3.8. The Effect of FGE on the Abundance of Intestinal Flora in AD-like Mice
To investigate the effect of FGE on the gut microbiota composition, the 16S rRNA gene sequences of 18 samples from six groups were sequenced using Majorbio HiSeq (Shanghai Majorbio Biomedical Technology Co., Ltd., Shanghai, China). The taxonomic composition at the genus level was characterized by operational taxonomic units (OTUs). At the genus level, the Venn diagram indicated that there were 2504 shared OTUs among the six groups and 134, 22, 24, 16, 9, and 15 unique OTUs in the control, model, donepezil, FGE-L, FGE-M, and FGE-H groups, respectively (Figure 8A). Alpha diversity estimations and PCA analyses indicated that the intestinal microbiota was separated in these six groups (Figure 8B–F). After treatment with FGE, the gut microbiota was similar to that in the control group.

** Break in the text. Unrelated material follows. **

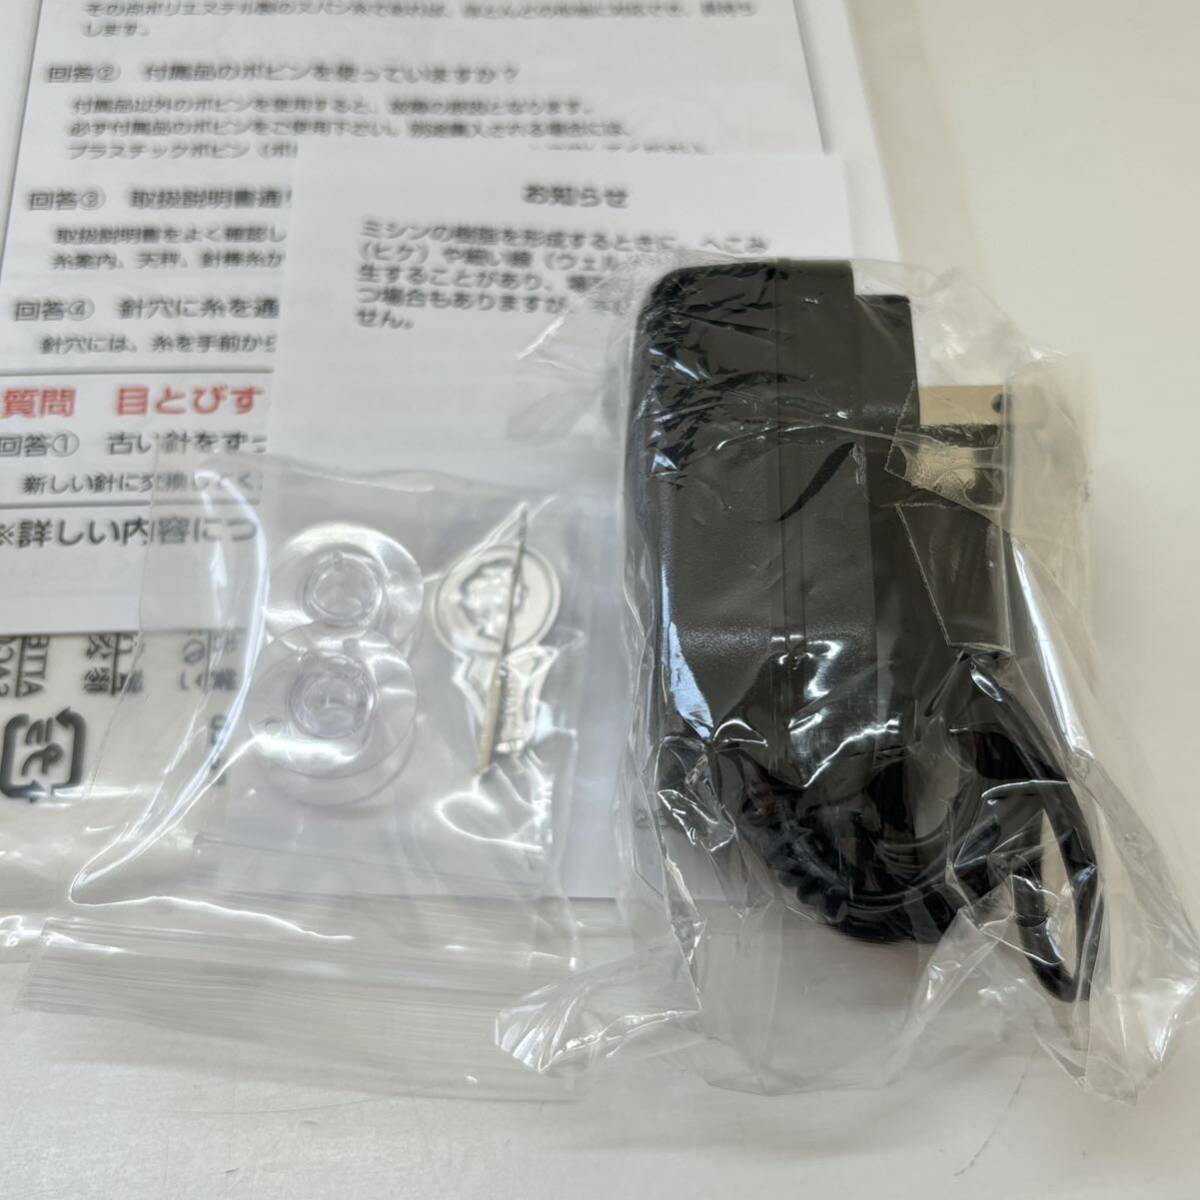 展示品 ジャノメ コンパクト電動ミシン IJ-240B ブラック 軽量 フットスイッチ 縫製スピード調整可能

At the phylum level, Bacteroidetes, Firmicutes, Bacteria, Proteobacteria, and Parabasalia were the most abundant, whereas the abundance of Firmicutes and Bacteroidetes was markedly decreased and increased in the model group compared with the control group (Figure 9A,B). Intriguingly, FGE treatment could increase the abundance of Firmicutes, and decrease the abundance of Bacteroidetes. The imbalance of the two phyla can affect glucose metabolism in the brain tissue, and abnormal glucose metabolism can lead to increased Aβ deposition, which ultimately increases the risk of AD. At the species level, the abundance of Muribaculaceae, Rikenellaceae, and Bacteroides was obviously increased, and the abundance of Lachnospiraceae and Prevotella sp. was decreased in the model group compared with the control group (Figure 10). Prominently, treatment with FGE could improve the abundance of Lachnospiraceae and decrease the abundance of Muribaculaceae and Bacteroidaceae compared with the model group. The present study confirmed that the abundance of Lachnospiraceae was decreased in the intestinal canal of patients with AD, indicating that treatment with FGE could ameliorate the symptoms of AD.

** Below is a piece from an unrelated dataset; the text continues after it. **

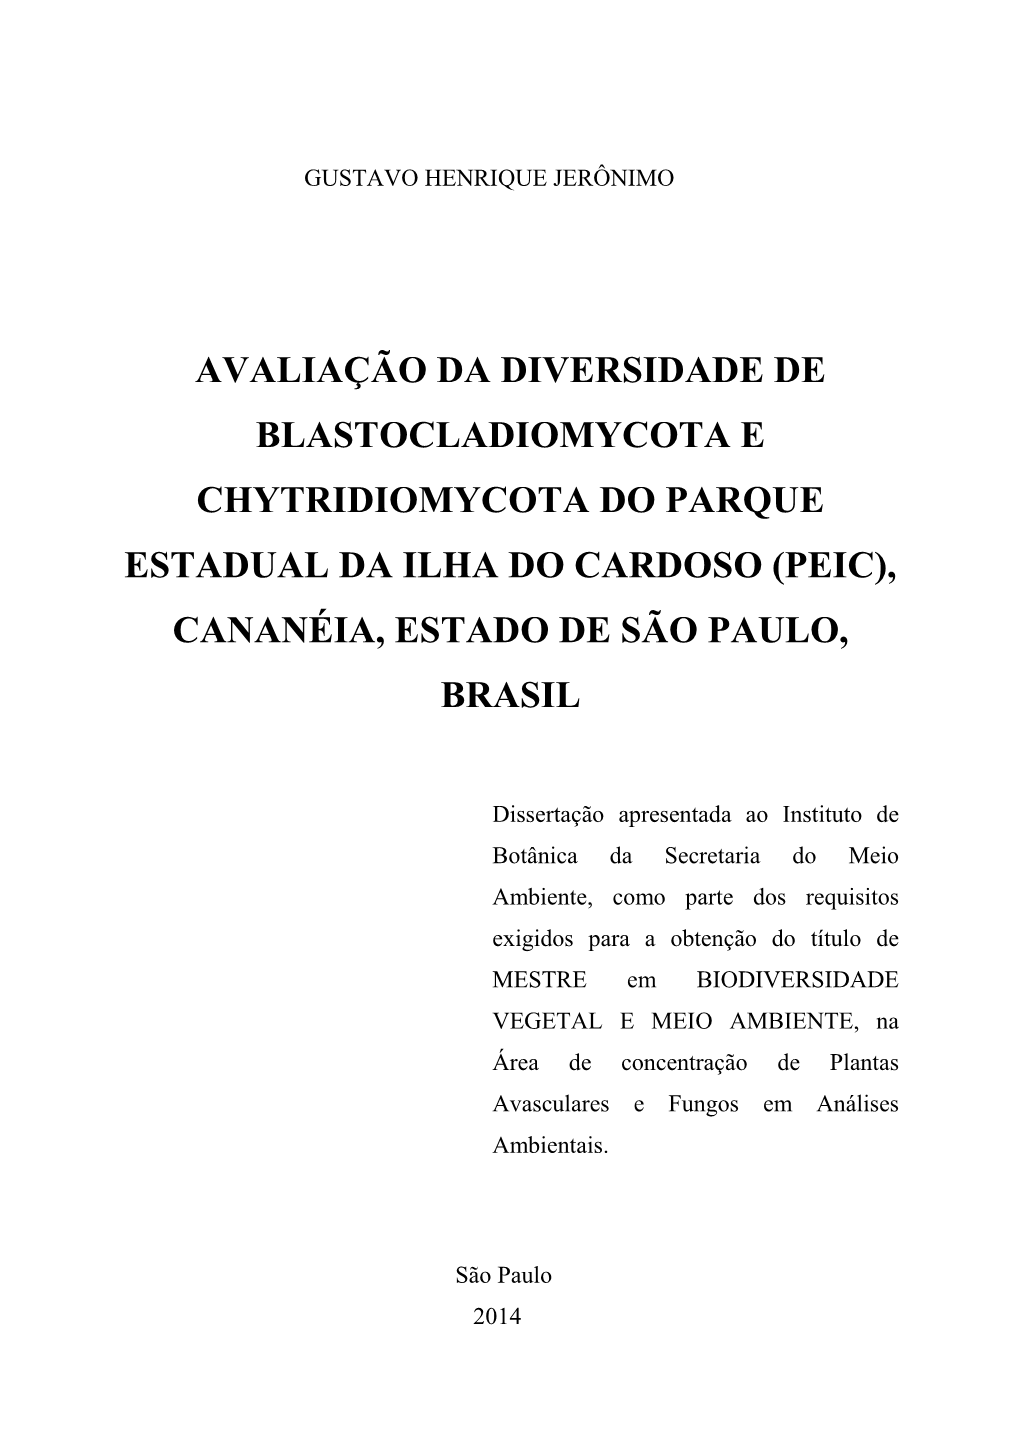 Avaliação Da Diversidade De Blastocladiomycota E Chytridiomycota Do Parque Estadual Da Ilha Do Cardoso (Peic), Cananéia, Estado De São Paulo, Brasil

3.9. FGE Regulates the Imbalance of Amino Acid Metabolism
The intestinal flora is regulated by host genes, immune response, and dietary factors, and its metabolic and immune potential determines its importance in host health and disease [22]. Therefore, targeting the gut microbiota and its associated metabolic pathways is an effective strategy for treating diseases. In this study, the metabolic pathways in the six groups were analyzed using the KEGG database. As demonstrated in Figure 11A, metabolism, genetic information processing, and environmental information processing contributed to the top three level-1 pathways in these six groups. Further analysis of the KEGG secondary metabolic map indicated that the global and overview maps, carbohydrate metabolism, and amino acid metabolism are the top 3 metabolic functions among the 38 metabolic functions. As demonstrated in Figure 11B, the greatest difference in a metabolic pathway is amino acid metabolism among the six groups. AD is a multi-mechanism metabolic disorder closely linked to energy metabolism, in which amino acid metabolism plays an important role. Moreover, studies have found that amino acid levels have been identified as potential biomarkers for patients with AD. Consequently, we speculate that FGE may improve AD by intervening in the amino acid metabolism.
3.10. The Effect of FGE Treatment on Neurotransmitters by Regulating Gut Microbiota
Amino acid metabolism, the most varied metabolic pathway, is linked to neurotransmitter and oxidative stress levels. As illustrated in Figure 12A, the intestinal flora of mice in different groups was significantly different at the genus level. The red and blue colors indicate positive and negative correlations with the relevant indicators, respectively. Lactobacillus, Rikenellaceae, Parabacteroides, Eubacterium, Parasutterella, and Rikenellaceae were significantly correlated with Aβ, Tau, P-Tau, Ach, AchE, ChAT, SOD, and MDA contents. Consequently, the structure of the intestinal flora has an impact on the level of neurotransmitters and oxidative stress, indicating that treatment with FGE could regulate the brain–nervous system by maintaining the intestinal flora structure of the body to improve the effect of AD.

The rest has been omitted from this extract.